Welsh peeress (1735–1793)

Cecil de Cardonnel, 2nd Baroness Dynevor (July 1735 - 14 March 1793) was a Welsh peeress.

== Biography ==
Born on July 1735, she was the daughter of William Talbot, 1st Earl Talbot. Her mother was the daughter and heir of Adam de Cardonnel, British Secretary of War. Under the special remainder in the creation of the barony for her father, she and her heirs male were entitled to inherit the Barony of Dynevor. He father was also the 1st Earl Talbot (a title that became extinct on his death) and 2nd Baron Talbot of Hensol. That title was inherited by Lady Dynevor's cousin, John Chetwynd-Talbot.

On 16 August 1756, she married George Rice.
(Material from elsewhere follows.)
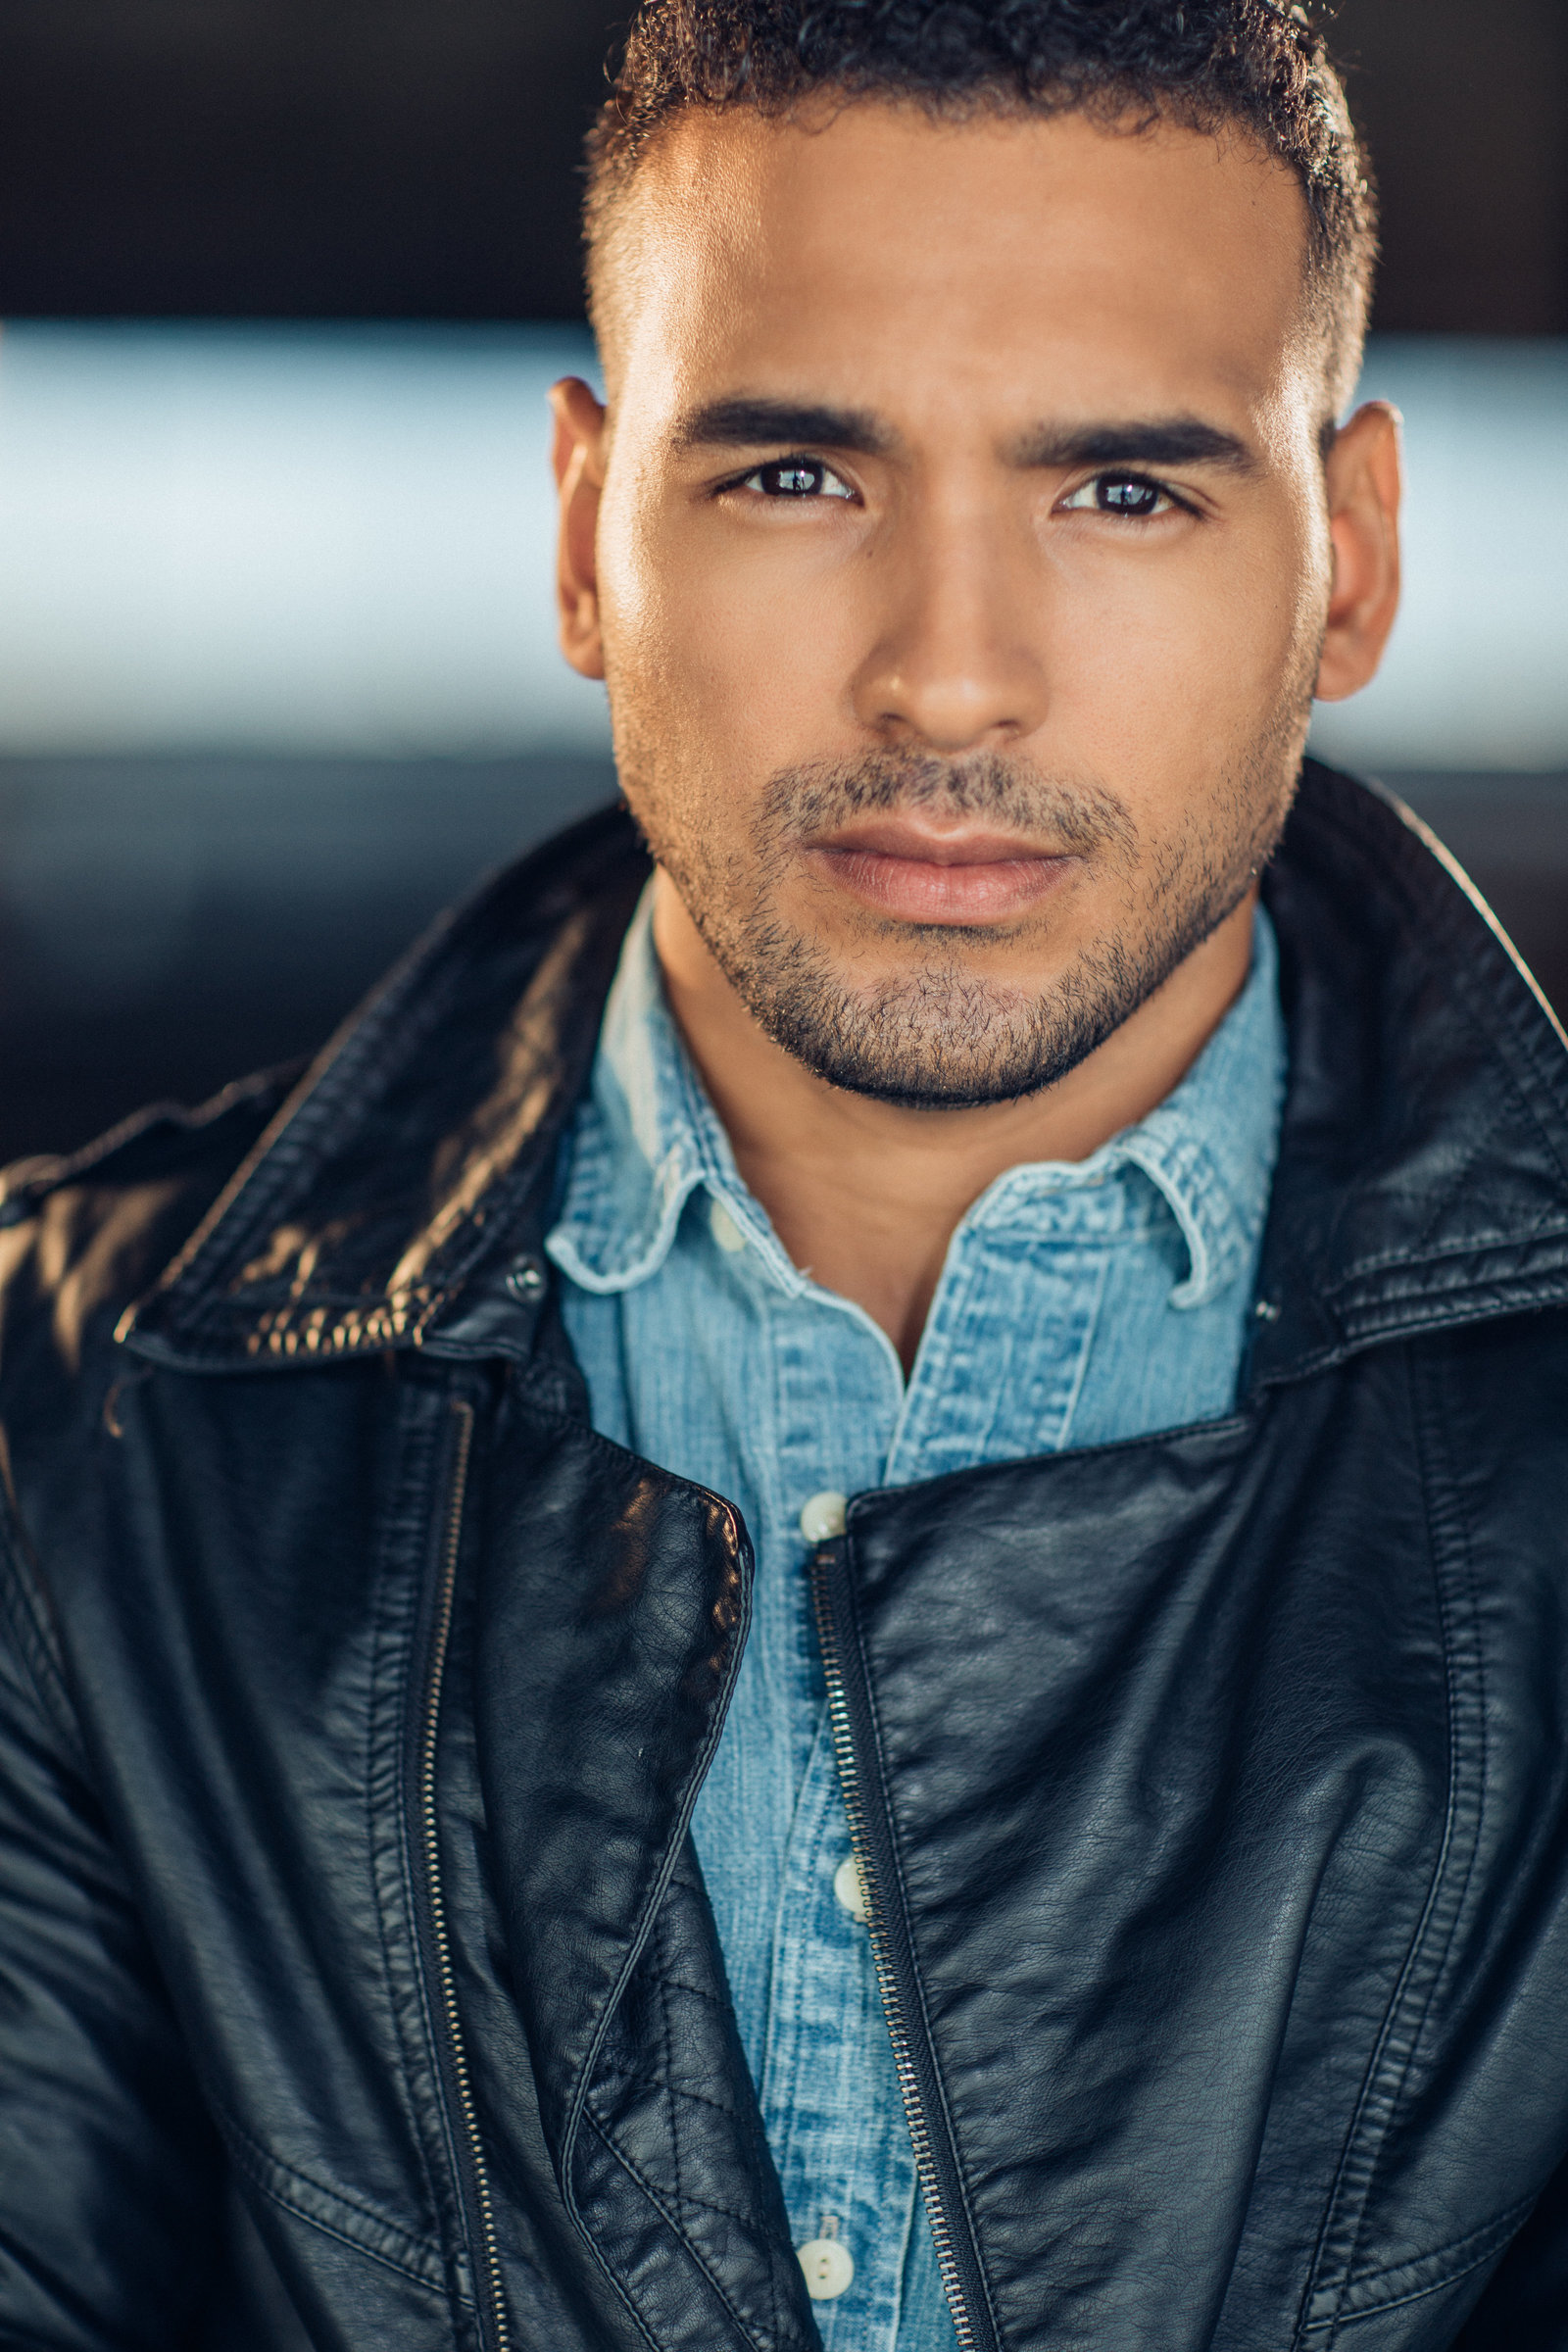 Headshot Photo Of Young Man In Black Leather Jacket And Blue Denim Polo

Rice was a Member of Parliament for county Carmarthenshire between 1754 and 1779 and Lord Lieutenant of Carmarthen from 1755 to 1779. Rice died on 3 August 1779. The widowed Lady Dinevor, took, by royal licence, the surname of de Cardonnel from 21 May 1787.

She succeeded to the title in 1782, upon the death of her father. She died on 14 March 1793, at Dynevor Castle, aged 57.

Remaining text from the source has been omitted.